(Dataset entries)
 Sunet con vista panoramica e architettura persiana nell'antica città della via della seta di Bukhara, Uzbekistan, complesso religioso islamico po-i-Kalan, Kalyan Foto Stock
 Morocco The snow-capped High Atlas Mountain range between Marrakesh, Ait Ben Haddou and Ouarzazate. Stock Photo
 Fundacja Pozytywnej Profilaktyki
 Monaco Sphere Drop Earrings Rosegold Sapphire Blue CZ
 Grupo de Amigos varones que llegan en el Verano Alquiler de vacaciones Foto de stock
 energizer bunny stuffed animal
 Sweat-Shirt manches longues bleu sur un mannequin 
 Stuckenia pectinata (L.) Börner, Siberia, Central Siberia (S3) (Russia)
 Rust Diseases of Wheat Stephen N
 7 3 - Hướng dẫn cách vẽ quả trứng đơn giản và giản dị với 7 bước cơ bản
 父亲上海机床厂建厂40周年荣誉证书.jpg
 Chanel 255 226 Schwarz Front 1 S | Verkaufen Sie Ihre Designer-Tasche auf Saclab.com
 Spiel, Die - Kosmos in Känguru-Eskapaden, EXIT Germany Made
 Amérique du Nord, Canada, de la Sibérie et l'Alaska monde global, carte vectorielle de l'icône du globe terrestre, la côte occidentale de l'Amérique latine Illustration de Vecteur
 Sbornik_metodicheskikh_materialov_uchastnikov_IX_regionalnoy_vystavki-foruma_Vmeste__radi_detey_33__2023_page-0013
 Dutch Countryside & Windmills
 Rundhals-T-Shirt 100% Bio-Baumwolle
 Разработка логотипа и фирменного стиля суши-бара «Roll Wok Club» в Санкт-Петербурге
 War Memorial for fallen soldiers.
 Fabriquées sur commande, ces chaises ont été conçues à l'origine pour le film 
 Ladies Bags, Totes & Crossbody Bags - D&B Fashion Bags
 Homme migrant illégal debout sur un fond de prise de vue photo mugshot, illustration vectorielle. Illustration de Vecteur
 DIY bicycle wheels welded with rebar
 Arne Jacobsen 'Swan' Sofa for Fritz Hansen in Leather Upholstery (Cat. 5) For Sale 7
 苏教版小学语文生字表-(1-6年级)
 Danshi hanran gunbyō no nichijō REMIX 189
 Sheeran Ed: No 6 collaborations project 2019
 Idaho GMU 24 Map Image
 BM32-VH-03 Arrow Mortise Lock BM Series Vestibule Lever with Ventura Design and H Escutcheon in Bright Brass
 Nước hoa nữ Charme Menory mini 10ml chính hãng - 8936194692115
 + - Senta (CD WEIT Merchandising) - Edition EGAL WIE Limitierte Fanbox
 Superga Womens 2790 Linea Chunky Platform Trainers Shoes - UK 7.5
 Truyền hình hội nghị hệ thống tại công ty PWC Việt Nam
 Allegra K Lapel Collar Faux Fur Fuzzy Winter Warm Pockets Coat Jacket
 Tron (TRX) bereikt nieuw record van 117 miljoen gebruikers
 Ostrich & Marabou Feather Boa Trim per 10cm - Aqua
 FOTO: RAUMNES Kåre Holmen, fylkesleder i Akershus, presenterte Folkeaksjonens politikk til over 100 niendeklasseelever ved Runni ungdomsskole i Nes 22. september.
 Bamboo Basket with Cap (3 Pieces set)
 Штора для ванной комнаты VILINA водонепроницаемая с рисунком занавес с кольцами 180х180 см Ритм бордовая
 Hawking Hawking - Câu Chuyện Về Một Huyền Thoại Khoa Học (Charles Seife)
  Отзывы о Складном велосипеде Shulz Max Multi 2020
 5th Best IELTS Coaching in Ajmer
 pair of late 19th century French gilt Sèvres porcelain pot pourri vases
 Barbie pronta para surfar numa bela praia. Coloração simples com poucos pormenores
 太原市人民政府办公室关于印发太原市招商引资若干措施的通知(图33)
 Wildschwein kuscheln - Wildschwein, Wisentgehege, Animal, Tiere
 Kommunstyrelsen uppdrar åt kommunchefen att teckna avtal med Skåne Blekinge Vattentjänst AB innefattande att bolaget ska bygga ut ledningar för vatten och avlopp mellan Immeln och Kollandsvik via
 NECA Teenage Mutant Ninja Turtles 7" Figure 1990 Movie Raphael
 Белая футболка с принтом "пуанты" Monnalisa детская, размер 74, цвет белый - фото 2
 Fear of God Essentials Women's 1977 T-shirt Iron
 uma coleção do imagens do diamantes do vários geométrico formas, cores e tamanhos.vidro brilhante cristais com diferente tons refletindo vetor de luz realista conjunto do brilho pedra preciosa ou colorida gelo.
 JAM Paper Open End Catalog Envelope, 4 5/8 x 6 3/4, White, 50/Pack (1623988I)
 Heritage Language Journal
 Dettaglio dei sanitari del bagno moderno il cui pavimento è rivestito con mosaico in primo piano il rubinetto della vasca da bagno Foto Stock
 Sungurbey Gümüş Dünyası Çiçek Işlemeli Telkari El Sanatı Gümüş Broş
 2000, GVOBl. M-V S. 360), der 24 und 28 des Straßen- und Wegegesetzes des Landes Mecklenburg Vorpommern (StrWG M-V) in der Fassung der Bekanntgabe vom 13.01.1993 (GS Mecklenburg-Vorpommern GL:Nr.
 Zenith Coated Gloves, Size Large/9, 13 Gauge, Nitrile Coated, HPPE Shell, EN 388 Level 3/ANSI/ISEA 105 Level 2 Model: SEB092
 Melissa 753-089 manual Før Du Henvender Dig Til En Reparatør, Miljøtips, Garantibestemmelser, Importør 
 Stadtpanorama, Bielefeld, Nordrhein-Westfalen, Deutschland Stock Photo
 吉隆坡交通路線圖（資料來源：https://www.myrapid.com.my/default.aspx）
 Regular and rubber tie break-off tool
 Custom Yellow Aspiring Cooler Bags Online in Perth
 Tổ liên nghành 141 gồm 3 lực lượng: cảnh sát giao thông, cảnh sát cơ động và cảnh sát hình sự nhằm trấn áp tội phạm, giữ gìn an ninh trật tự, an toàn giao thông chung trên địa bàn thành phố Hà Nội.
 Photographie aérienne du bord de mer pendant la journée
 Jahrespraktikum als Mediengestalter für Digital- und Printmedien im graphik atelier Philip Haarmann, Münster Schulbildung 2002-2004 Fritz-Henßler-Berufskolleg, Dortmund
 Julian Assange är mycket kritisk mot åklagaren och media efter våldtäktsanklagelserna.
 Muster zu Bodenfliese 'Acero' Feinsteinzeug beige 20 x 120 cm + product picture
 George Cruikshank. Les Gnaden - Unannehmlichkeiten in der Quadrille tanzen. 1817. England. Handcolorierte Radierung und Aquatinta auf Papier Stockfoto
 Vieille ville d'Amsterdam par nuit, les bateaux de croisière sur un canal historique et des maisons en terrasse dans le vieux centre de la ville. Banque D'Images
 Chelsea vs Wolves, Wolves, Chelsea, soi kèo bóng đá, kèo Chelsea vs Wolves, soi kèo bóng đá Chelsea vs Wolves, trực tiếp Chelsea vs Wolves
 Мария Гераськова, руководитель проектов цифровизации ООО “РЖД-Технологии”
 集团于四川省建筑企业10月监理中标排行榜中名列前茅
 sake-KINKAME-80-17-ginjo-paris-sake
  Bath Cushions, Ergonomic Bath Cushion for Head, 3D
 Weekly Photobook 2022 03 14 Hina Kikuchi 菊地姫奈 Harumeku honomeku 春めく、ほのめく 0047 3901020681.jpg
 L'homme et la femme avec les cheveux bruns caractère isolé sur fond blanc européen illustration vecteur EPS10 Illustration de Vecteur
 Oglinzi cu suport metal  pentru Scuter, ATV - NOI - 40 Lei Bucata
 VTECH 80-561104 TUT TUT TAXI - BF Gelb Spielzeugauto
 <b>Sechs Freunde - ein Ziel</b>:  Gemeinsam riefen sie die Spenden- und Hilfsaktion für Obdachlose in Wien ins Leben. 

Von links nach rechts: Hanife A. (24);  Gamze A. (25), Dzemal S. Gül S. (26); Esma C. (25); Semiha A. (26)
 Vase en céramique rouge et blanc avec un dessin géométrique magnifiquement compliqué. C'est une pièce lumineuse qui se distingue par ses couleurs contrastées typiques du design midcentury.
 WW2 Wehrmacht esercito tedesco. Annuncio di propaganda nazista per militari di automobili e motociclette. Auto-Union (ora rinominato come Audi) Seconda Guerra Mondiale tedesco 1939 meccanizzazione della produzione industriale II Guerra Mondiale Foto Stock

To do
Retype exactly the lines above, from the one with "Chanel 255 226" through the one with "Superga Womens 2790", inclusive.

Task response
 Chanel 255 226 Schwarz Front 1 S | Verkaufen Sie Ihre Designer-Tasche auf Saclab.com
 Spiel, Die - Kosmos in Känguru-Eskapaden, EXIT Germany Made
 Amérique du Nord, Canada, de la Sibérie et l'Alaska monde global, carte vectorielle de l'icône du globe terrestre, la côte occidentale de l'Amérique latine Illustration de Vecteur
 Sbornik_metodicheskikh_materialov_uchastnikov_IX_regionalnoy_vystavki-foruma_Vmeste__radi_detey_33__2023_page-0013
 Dutch Countryside & Windmills
 Rundhals-T-Shirt 100% Bio-Baumwolle
 Разработка логотипа и фирменного стиля суши-бара «Roll Wok Club» в Санкт-Петербурге
 War Memorial for fallen soldiers.
 Fabriquées sur commande, ces chaises ont été conçues à l'origine pour le film 
 Ladies Bags, Totes & Crossbody Bags - D&B Fashion Bags
 Homme migrant illégal debout sur un fond de prise de vue photo mugshot, illustration vectorielle. Illustration de Vecteur
 DIY bicycle wheels welded with rebar
 Arne Jacobsen 'Swan' Sofa for Fritz Hansen in Leather Upholstery (Cat. 5) For Sale 7
 苏教版小学语文生字表-(1-6年级)
 Danshi hanran gunbyō no nichijō REMIX 189
 Sheeran Ed: No 6 collaborations project 2019
 Idaho GMU 24 Map Image
 BM32-VH-03 Arrow Mortise Lock BM Series Vestibule Lever with Ventura Design and H Escutcheon in Bright Brass
 Nước hoa nữ Charme Menory mini 10ml chính hãng - 8936194692115
 + - Senta (CD WEIT Merchandising) - Edition EGAL WIE Limitierte Fanbox
 Superga Womens 2790 Linea Chunky Platform Trainers Shoes - UK 7.5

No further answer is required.